-- Data segment follows --

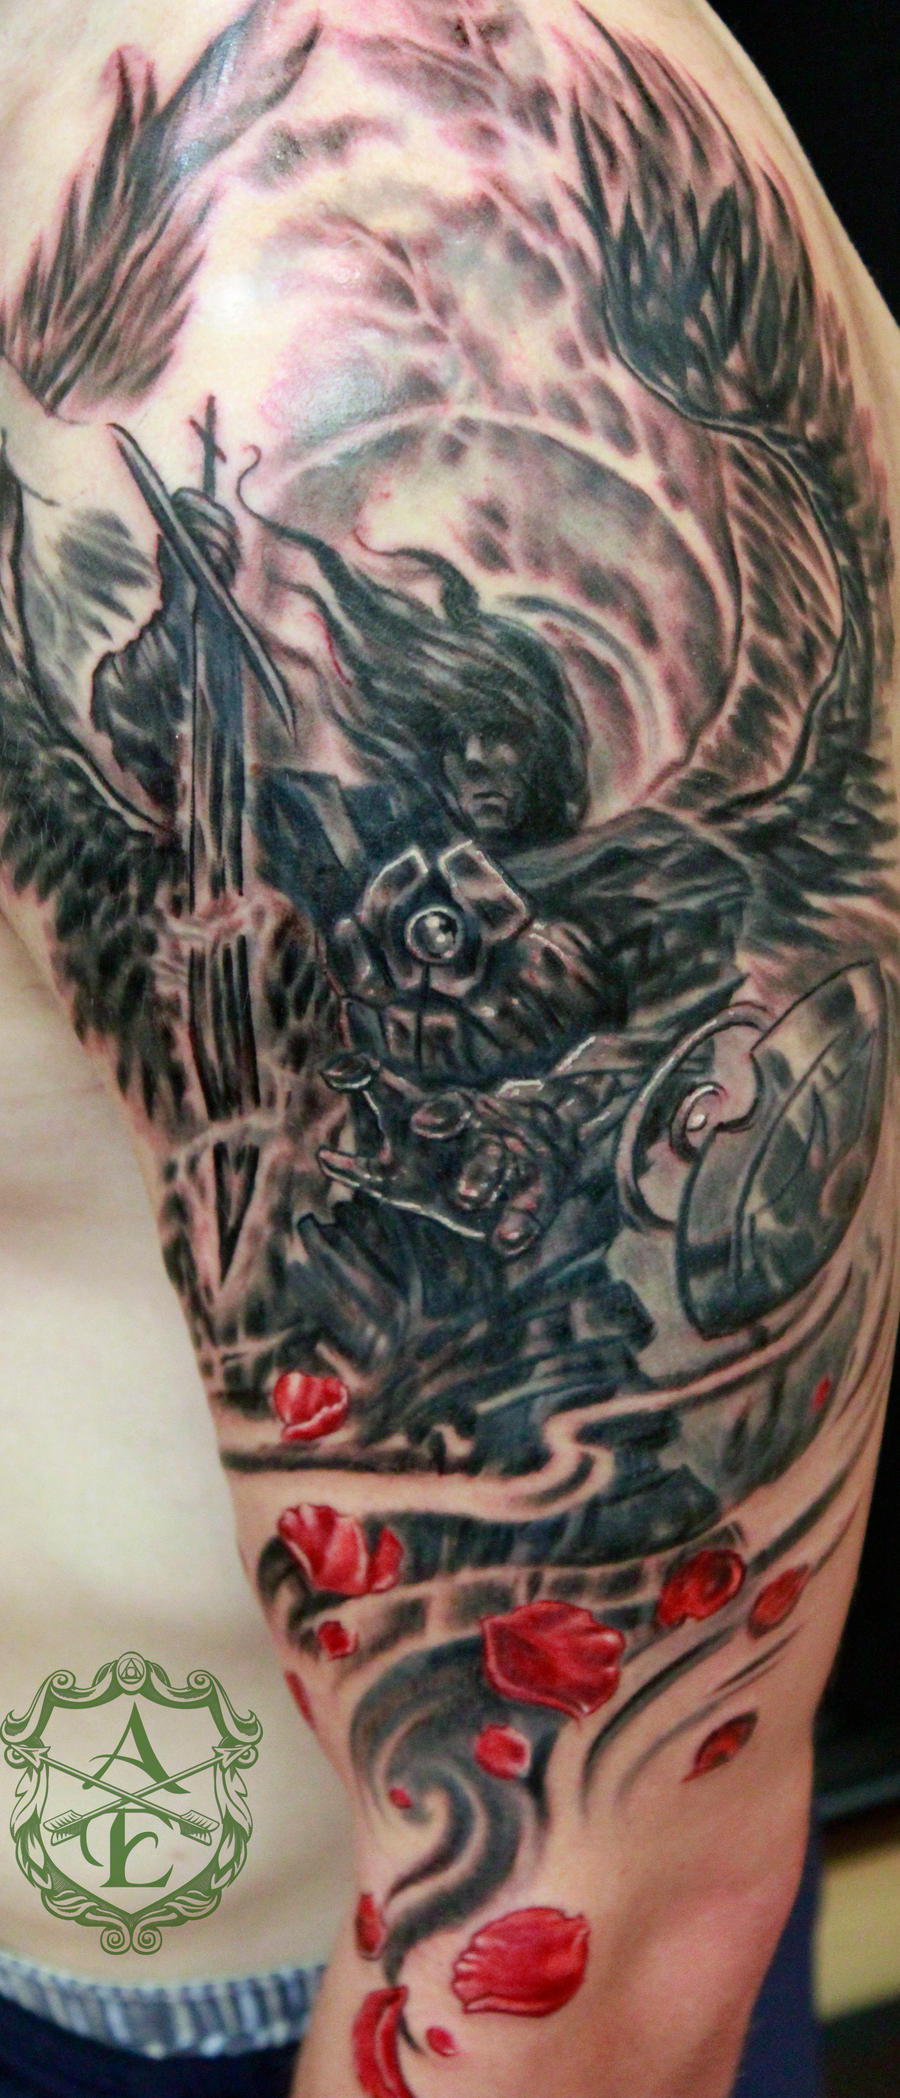 Archangel Michael Tattoos: Archangel Michael Tattoo Done By Sean Ambrose By
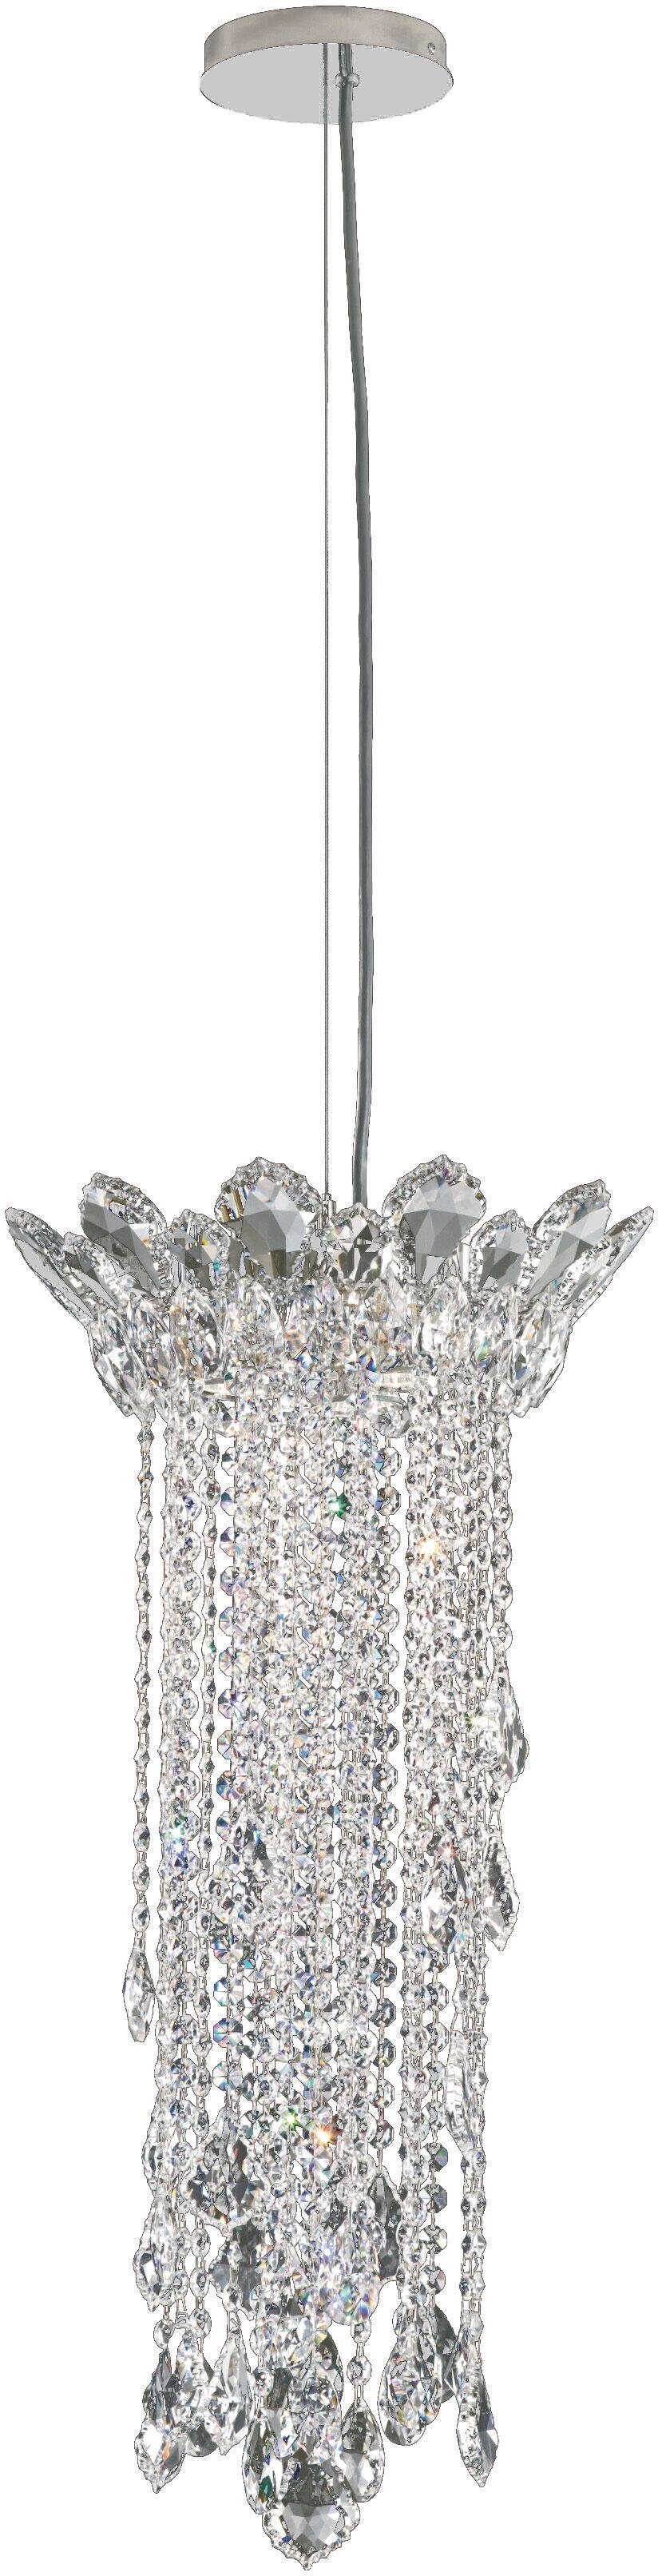 Trilliane 3-Light Crystal Chandelier Crystal Grade: Spectra
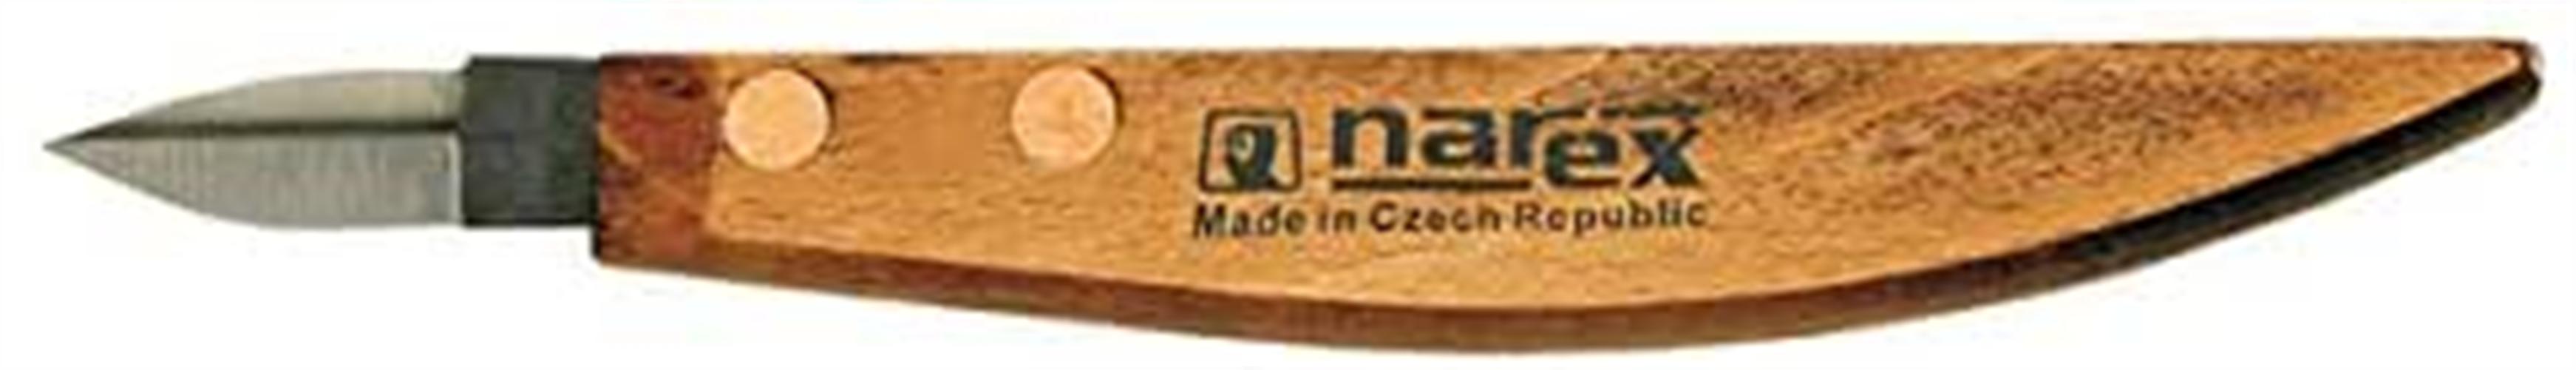 סכין גילוף-NAREX 822540
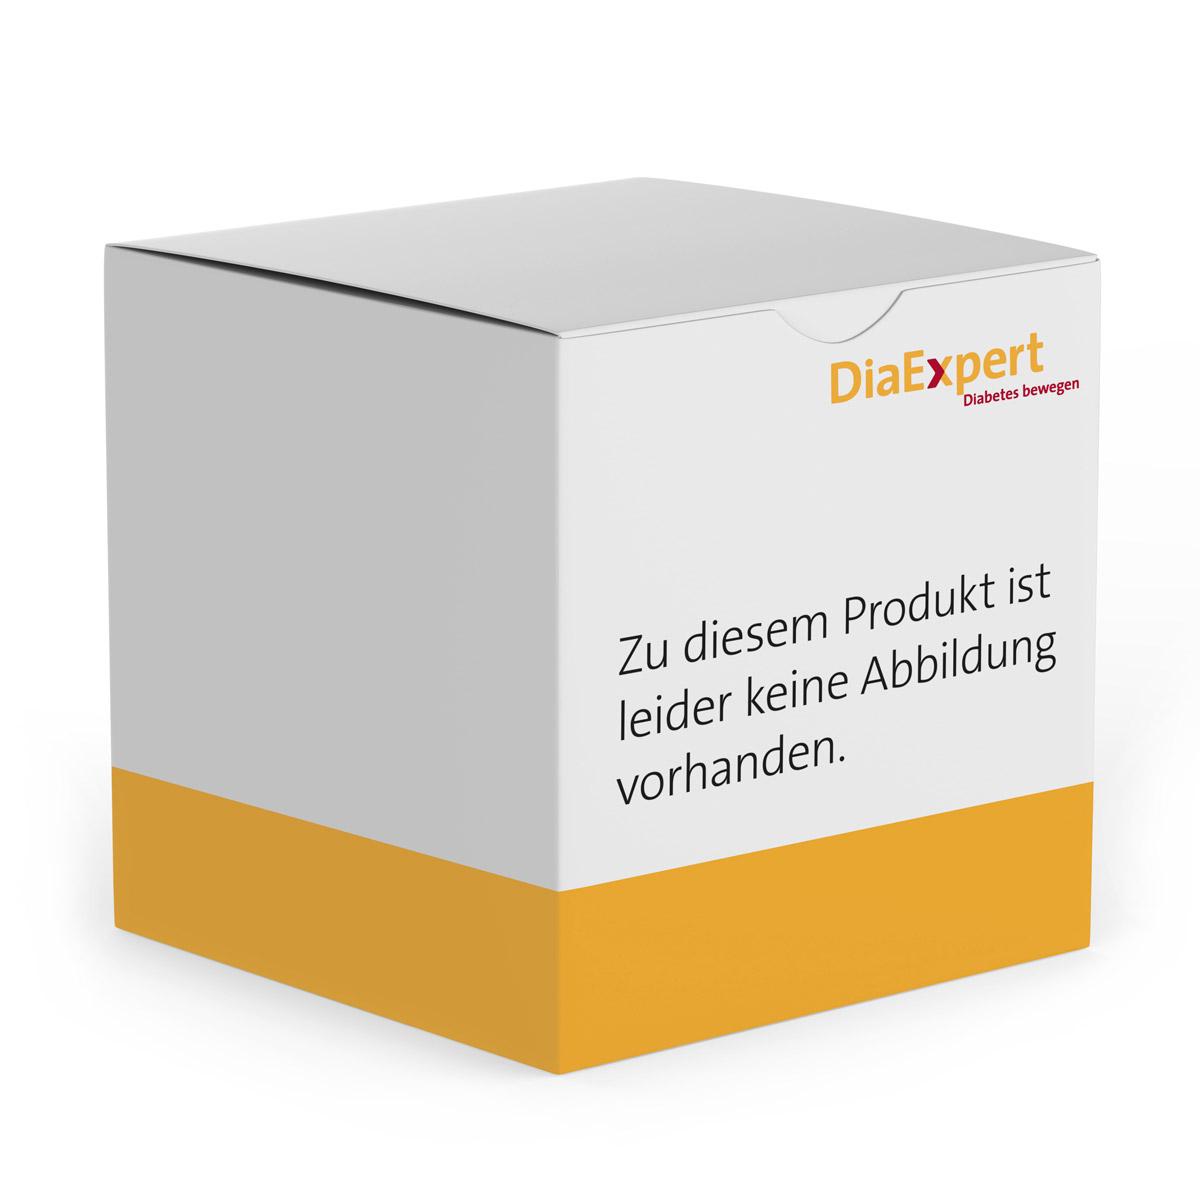 diaexpert neopren tasche mit rei verschlu pink minimed 5 er serie insulinpumpen zubeh r. Black Bedroom Furniture Sets. Home Design Ideas

-- Data segment concluded --

*Your goal*. The result should be every line of the data, reproduced exactly, with the images removed.

*Task response*.
 Archangel Michael Tattoos: Archangel Michael Tattoo Done By Sean Ambrose By
 Trilliane 3-Light Crystal Chandelier Crystal Grade: Spectra
 סכין גילוף-NAREX 822540
 diaexpert neopren tasche mit rei verschlu pink minimed 5 er serie insulinpumpen zubeh r. Black Bedroom Furniture Sets. Home Design Ideas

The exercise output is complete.